Dissection of B. malayi
Dissection of B. malayi was performed as previously described (Robertson et al. 2011, 2013; Verma et al. 2017). All dissections were performed at room temperature. Briefly, worms were cut into 1 cm pieces from the anterior region and placed into a recording chamber filled with B. malayi bath solution (23 mM NaCl, 110 mM sodium acetate, 5 mM KCl, 6 mM CaCl2, 4 mM MgCl2, 5 mM HEPES, 10 mM d-glucose, 11 mM sucrose, pH 7.2 adjusted with NaOH, ~ 320 mOsmol). The base of the chamber was a coverslip (24 × 50 mm) coated with a thin layer of Sylgard. The body piece was immobilized by gluing each end to the Sylgard pad using Glushield cyanoacrylate glue (Glustitch) and pinned by creating a wall down one side. The body piece was cut longitudinally using a tungsten needle, and the resulting ‘muscle flap’ was glued to the coverslip along the cut edge exposing the muscle cells. Intestines and the uterus were removed using fine forceps and the preparation was washed with bath solution to remove any eggs or debris (Fig. 1). All dissections were performed under DIC optics (400×) on an inverted light microscope (SMZ-U, Nikon, USA).
Fluo-3AM soaking
After dissection, the recording chamber was connected to a Dual Automatic Temperature Controller (Warner Instruments, Hamden, CT) and the temperature was maintained between 34 and 36 °C. The muscles were incubated in 5 μM Fluo-3AM (Sigma-Aldrich, USA) diluted in bath solution with no added Ca2+ (total [Ca2+] is < 100 μM) for 60 min, allowing for Fluo-3AM uptake and the cleavage of the ester group by endogenous non-specific esterases. For samples treated with Pluronic F-127 (Invitrogen, USA), 10% (v/v) of PF-127 diluted in DMSO was added to the 5 μM Fluo-3AM solution. For samples treated with collagenase, muscles were treated with 2 mg/mL collagenase (type 1A, Sigma-Aldrich, USA) in bath solution for 15–20 s and washed several times before Fluo-3AM was added.
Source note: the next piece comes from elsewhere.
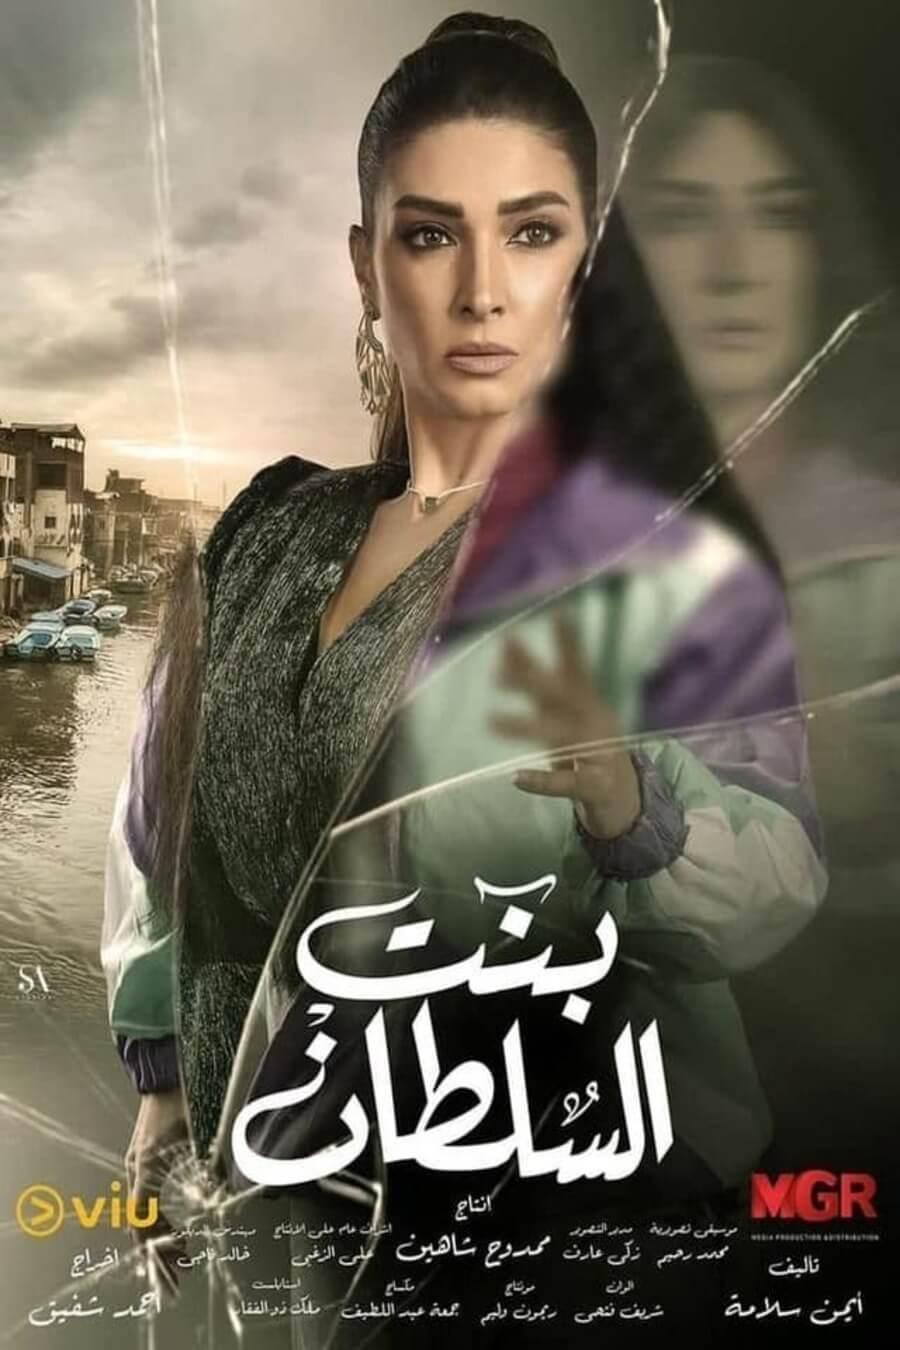 TV ratings for Bint El Sultan (بنت السلطان) in Italy. viu TV series

Fluo-3AM, with or without PF-127, solutions were prepared in Ca2+-free bath solution daily before every experiment. After incubation, the sample was continuously perfused with regular bath solution containing 6 mM CaCl2 or low calcium bath solution containing 1 mM CaCl2. All solutions were delivered to the chamber under gravity feed through solenoid valves controlled using a VC-6 Six-Channel Valve Controller (Warner Instruments, Hamden, CT, USA) through an inline heater set at 37 °C (Warner Instruments, Hamden, CT, USA) at a rate of 1.5 mL/min. To measure changes in calcium, all samples were subjected to 10 mM CaCl2. Muscles that elicited Ca2+ signals were considered viable while those that failed to elicit response were classified as non-viable. Absence of Ca2+ signals in the muscles were also monitored and achieved by the continuous perfusion of bath solution containing 1 mM CaCl2.
Fluo-3 injections
For microinjections, dissected muscles were treated with 2 mg/mL collagenase (Type 1A) for 30 s and were washed in buffer several times to remove excess collagenase. Patch pipettes were pulled from capillary glass (G85150T; Warner Instruments Inc., Hamden, CT, USA) and fire polished. The pipettes were filled with either pipette solution (120 mM KCl, 20 mM KOH, 4 mM MgCl2, 5 mM TRIS, 0.25 mM CaCl2, 4 mM NaATP, 5 mM EGTA and 36 mM sucrose (pH 7.2 with KOH, ~ 315–330 mOsmol), TRIS-HCl solution (1 M TRIS-HCl pH 7.4 with KOH) or K-gluconate recording solution (125 mM K-Glu, 2 mM KCl, 5 mM MgATP, 0.3 mM NaGTP, 5 mM HEPES (pH 7.4 with KOH)). All solutions had 5 μM Fluo-3 diluted in DMSO added before each experiment and were kept in a dark environment to prevent degradation of the dye. Pipettes with resistances of 1.8–3 MΩ were used. Giga ohm seals were formed before breaking the membrane by suction. After breaking in cells were left for at least 10 min to allow Fluo-3 to diffuse into the muscle cell before being subjected to 10 mM CaCl2. Cells were consistently perfused with bath solution containing 1 mM CaCl2 at a rate of 1.5 mL/min as described previously.
Calcium imaging
All recordings were performed on a Nikon Eclipse TE3000 microscope (20×/0.45 Nikon PlanFluor objective), fitted with a Photometrics Retiga R1 Camera (Photometrics, Surrey, BC, Canada). Light control was achieved using a Lambda 10–2 two-filter wheel system with a shutter controller (Lambda Instruments, Switzerland). Filter wheel one was set on a green filter (525–530 mm) between the microscope and camera. Filter wheel two set on the blue filter (490 mm) between a Lambda LS Xenon bulb light box, which delivered light via a fiber optic cable to the microscope (Lambda Instruments, Switzerland), to activate Fluo-3. Blue light emission was controlled using a shutter. Minimal exposure to blue light during recording setup was used to prevent reduction in signal strength.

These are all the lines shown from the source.